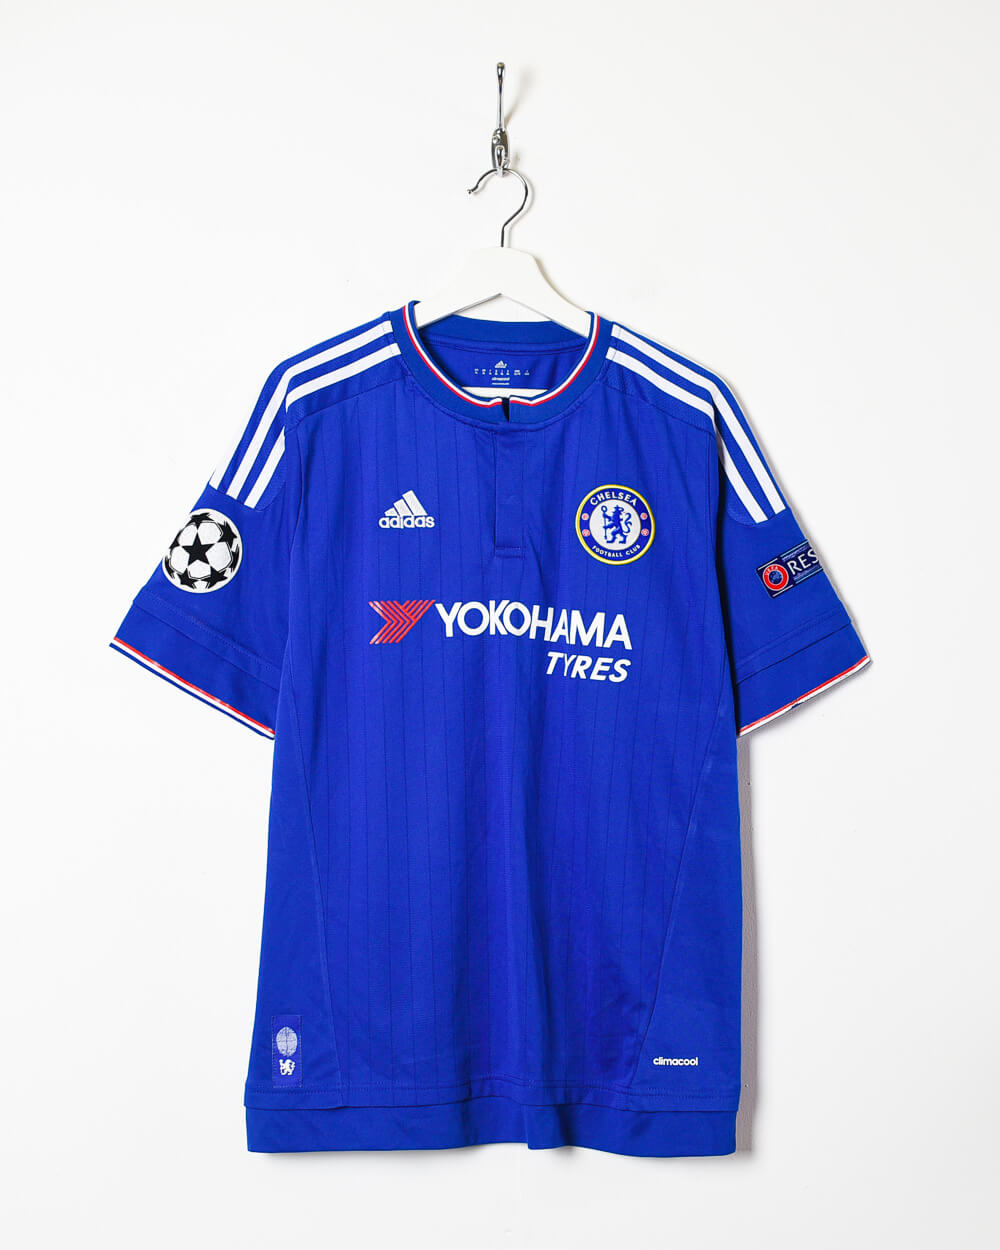 Blue Adidas Chelsea 2015/16 Oscar Home Football Shirt - X-Large
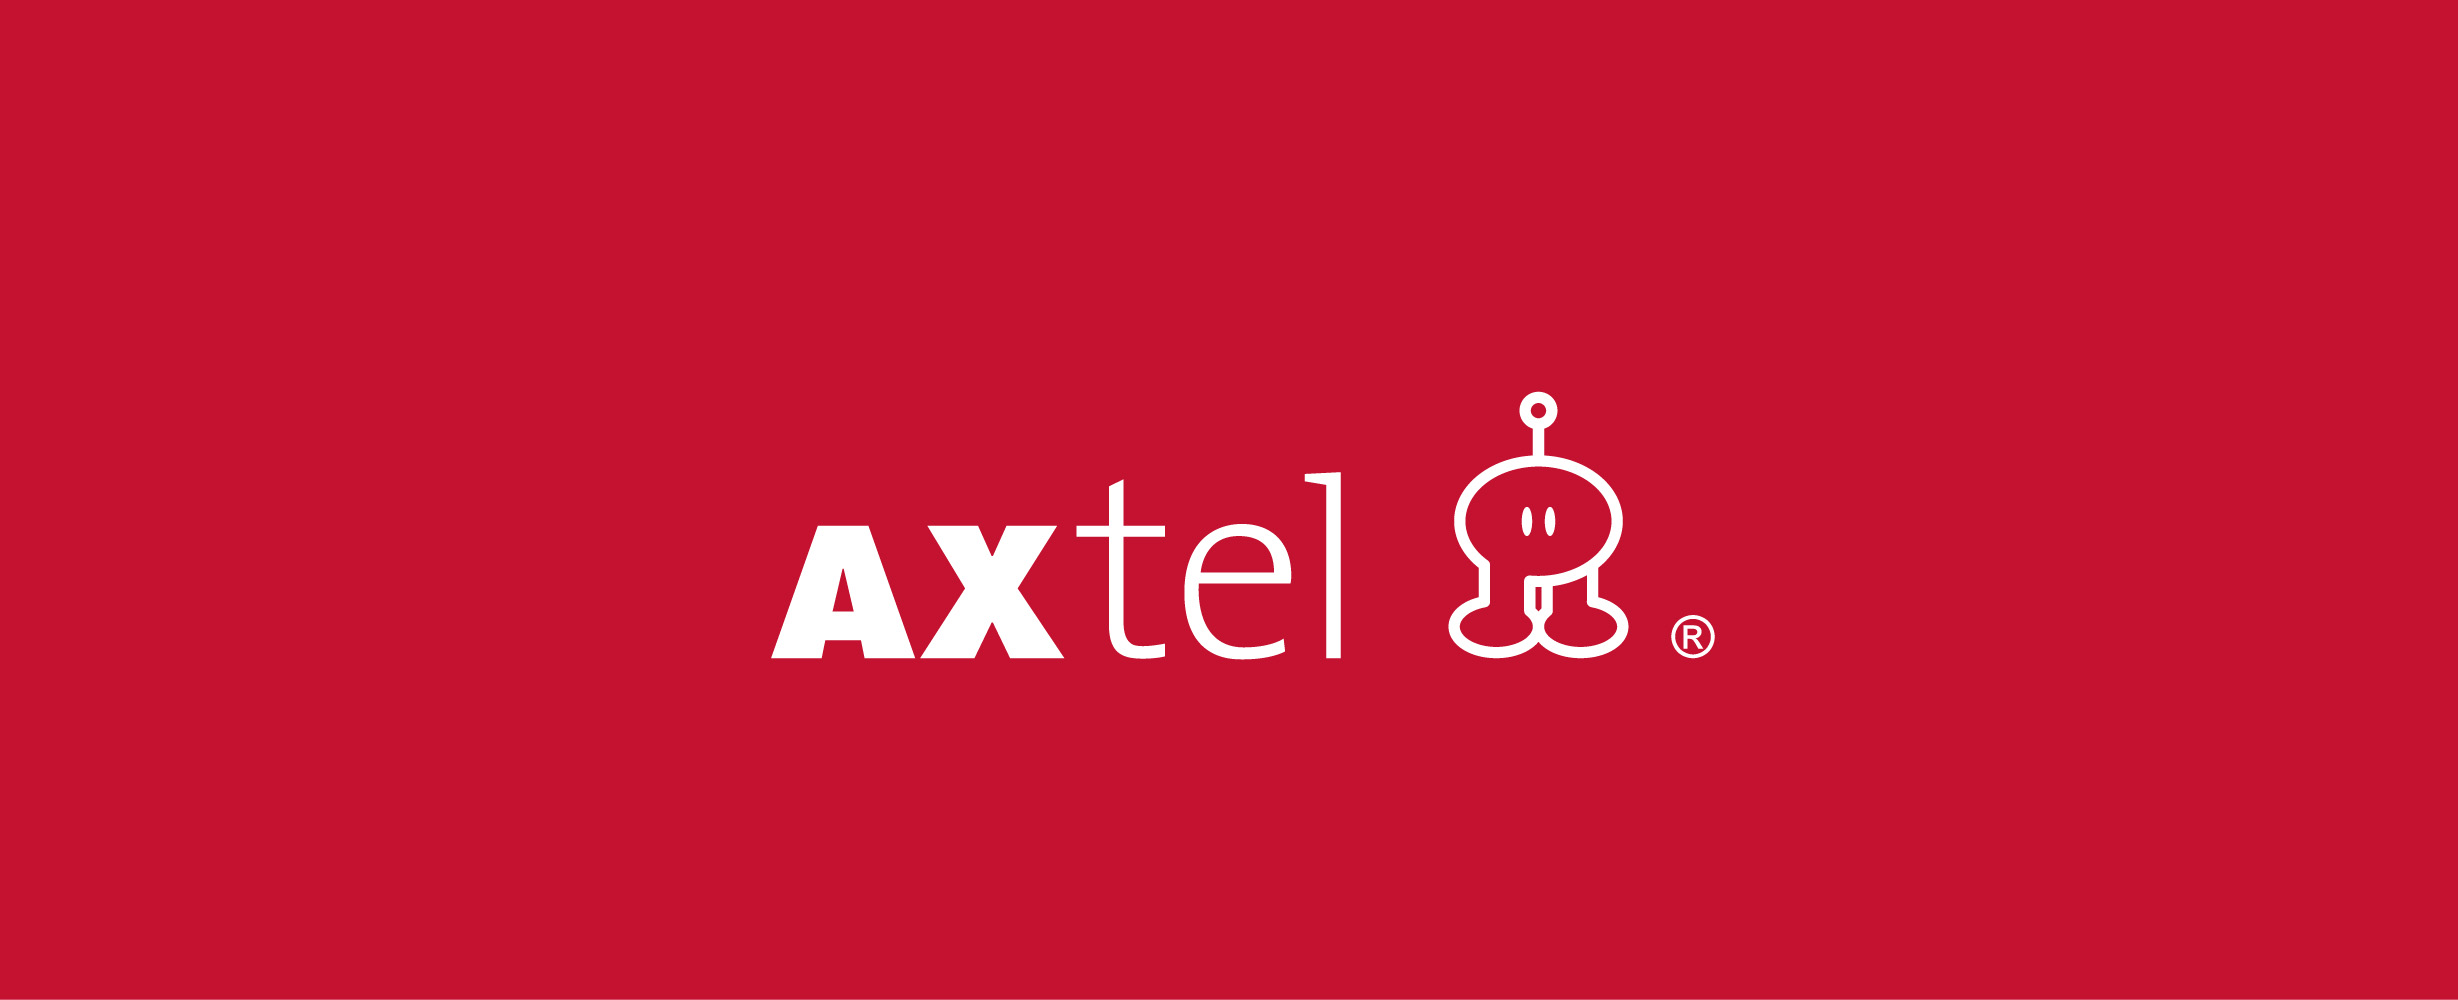 Axtel tiene deuda millonaria y AT&T quiere comprarla - Your Web Space
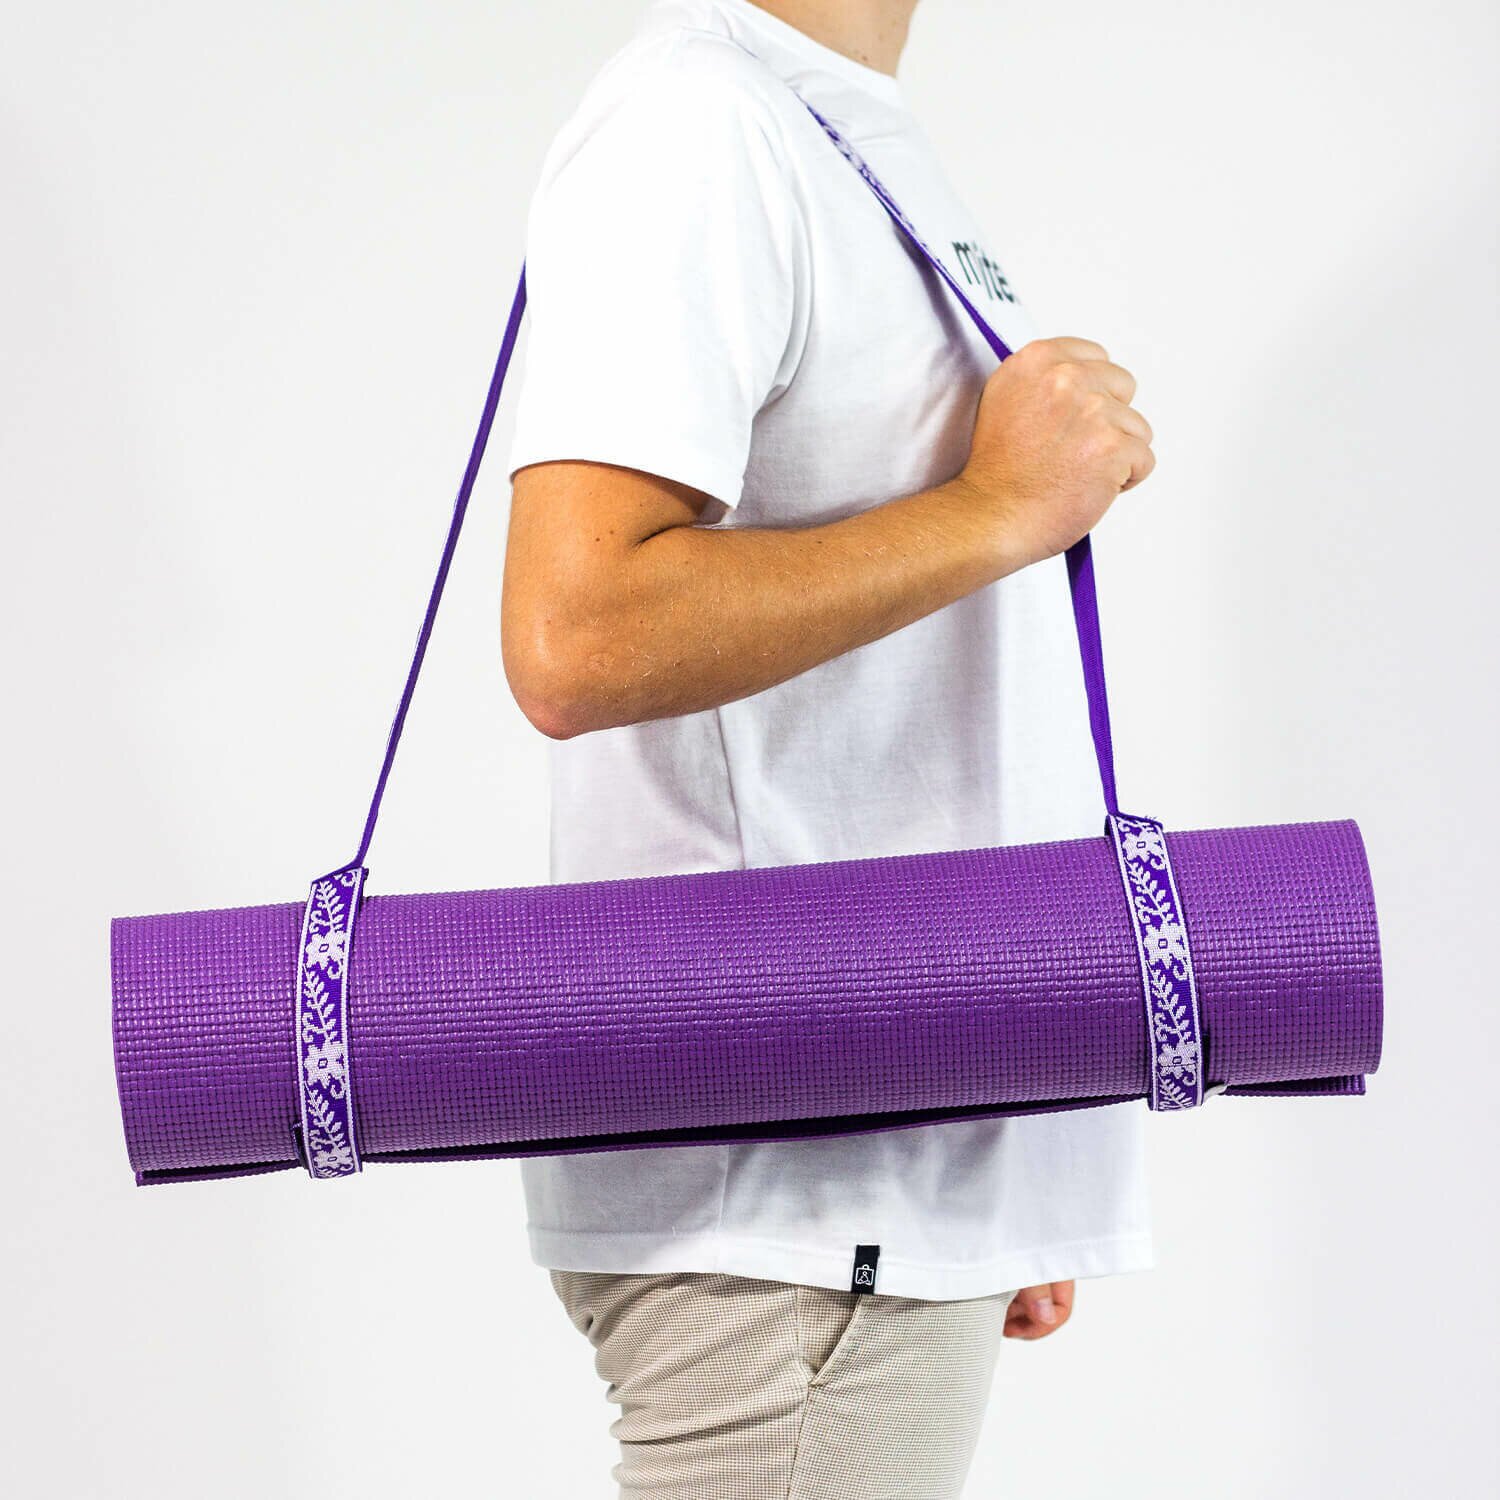 Tapete de yoga Rishikesh – 4.5mm PVC premium ecológico 9

▸ **Exercise directions**
Your copy of the data should match it exactly, apart from the images, which are omitted.

▸ **Solved exercise**
 Blue Adidas Chelsea 2015/16 Oscar Home Football Shirt - X-Large
 Axtel tiene deuda millonaria y AT&T quiere comprarla - Your Web Space
 Tapete de yoga Rishikesh – 4.5mm PVC premium ecológico 9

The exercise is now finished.